Public Foundational Courses Department, Nanjing Vocational University of Industry Technology, Nanjing, 210023, China.
College of Management, Henan University of Technology, Zhengzhou, 450001, China.
Sci Rep. 2021 Jan 11;11(1):348. doi: 10.1038/s41598-020-79462-0.

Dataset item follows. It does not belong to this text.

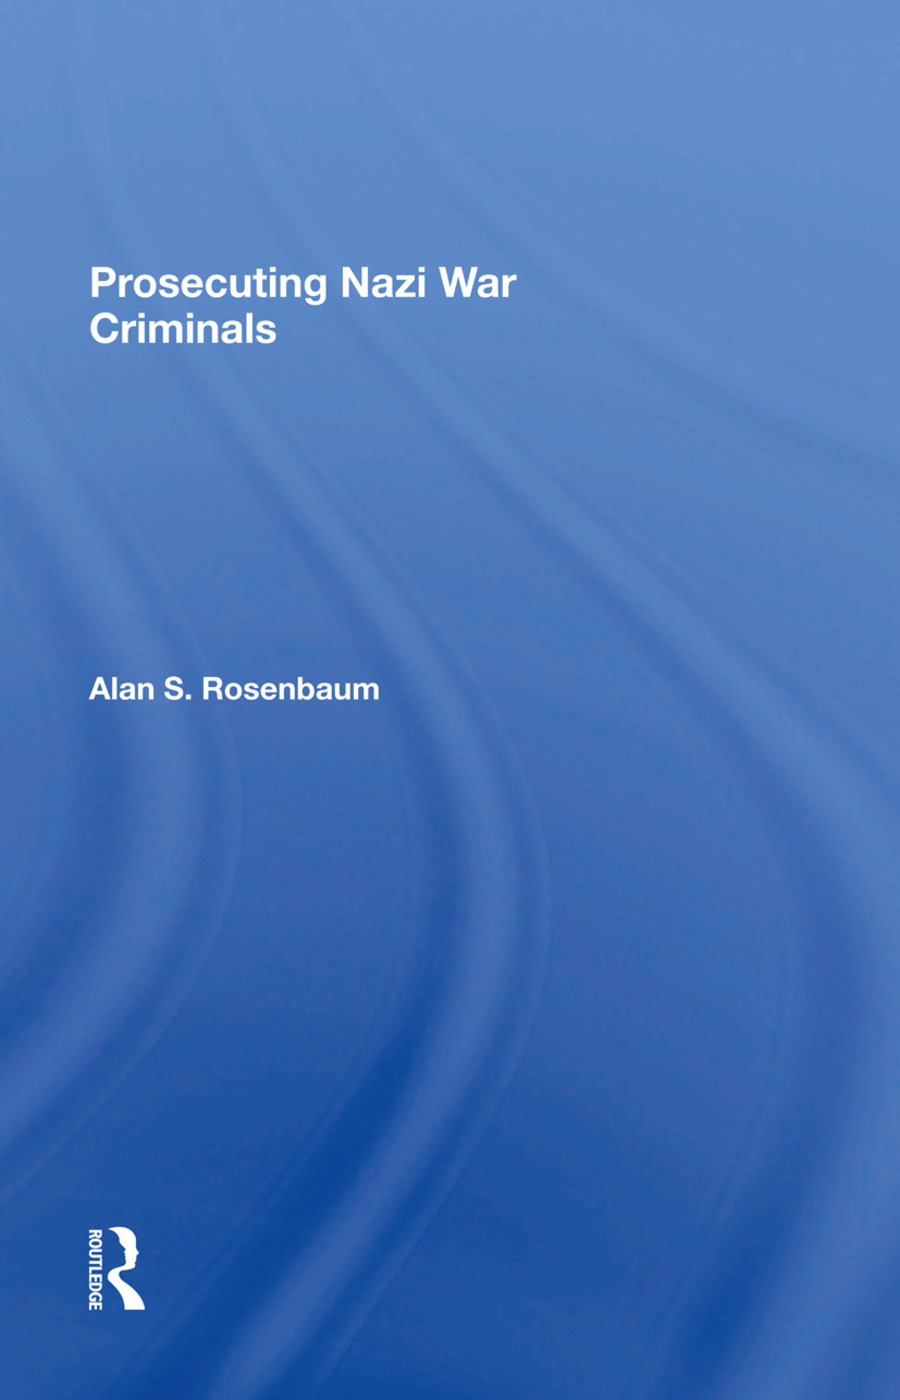 Prosecuting Nazi War Criminals book cover

In order to correct the monitoring data of the miniature air quality detector, an air quality prediction model fusing Principal Component Regression (PCR), Support Vector Regression (SVR) machine, and Autoregressive Moving Average (ARMA) model was proposed to improve the prediction accuracy of the six types of pollutants in the air. First, the main information of factors affecting air quality is extracted by principal component analysis, and then principal component regression is used to give the predicted values of six types of pollutants. Second, the support vector regression machine is used to regress the predicted value of principal component regression and various influencing factors. Finally, the autoregressive moving average model is used to correct the residual items, and finally the predicted values of six types of pollutants are obtained. The experimental results showed that the proposed combination prediction model of PCR-SVR-ARMA had a better prediction effect than the artificial neural network, the standard support vector regression machine, the principal component regression, and PCR-SVR method. The Root Mean Square Error (RMSE), Mean Absolute Error (MAE), and relative Mean Absolute Percent Error (MAPE) are used as evaluation indicators to evaluate the PCR-SVR-ARMA model. This model can increase the accuracy of self-built points by 72.6% to 93.2%, and the model has excellent prediction effects in the training set and detection set, indicating that the model has good generalization ability. This model can play an active role scientific arrangement and promotion of miniature air quality detectors and grid-based monitoring of the concentration of various pollutants.
为了修正微型空气质量检测仪的监测数据,提出了一种融合主成分回归(PCR)、支持向量回归(SVR)机和自回归移动平均(ARMA)模型的空气质量预测模型,以提高空气中六种污染物的预测精度。首先,通过主成分分析提取影响空气质量的主要因素的主要信息,然后使用主成分回归给出六种污染物的预测值。其次,使用支持向量回归机回归主成分回归和各种影响因素的预测值。最后,使用自回归移动平均模型来修正残差项,最终得到六种污染物的预测值。实验结果表明,所提出的 PCR-SVR-ARMA 组合预测模型比人工神经网络、标准支持向量回归机、主成分回归和 PCR-SVR 方法具有更好的预测效果。均方根误差(RMSE)、平均绝对误差(MAE)和相对平均绝对百分比误差(MAPE)被用作评估指标来评估 PCR-SVR-ARMA 模型。该模型可以将自建点的精度提高 72.6%至 93.2%,并且在训练集和检测集中具有出色的预测效果,表明该模型具有良好的泛化能力。该模型可以在微型空气质量检测仪和基于网格的各种污染物浓度监测的科学安排和推广中发挥积极作用。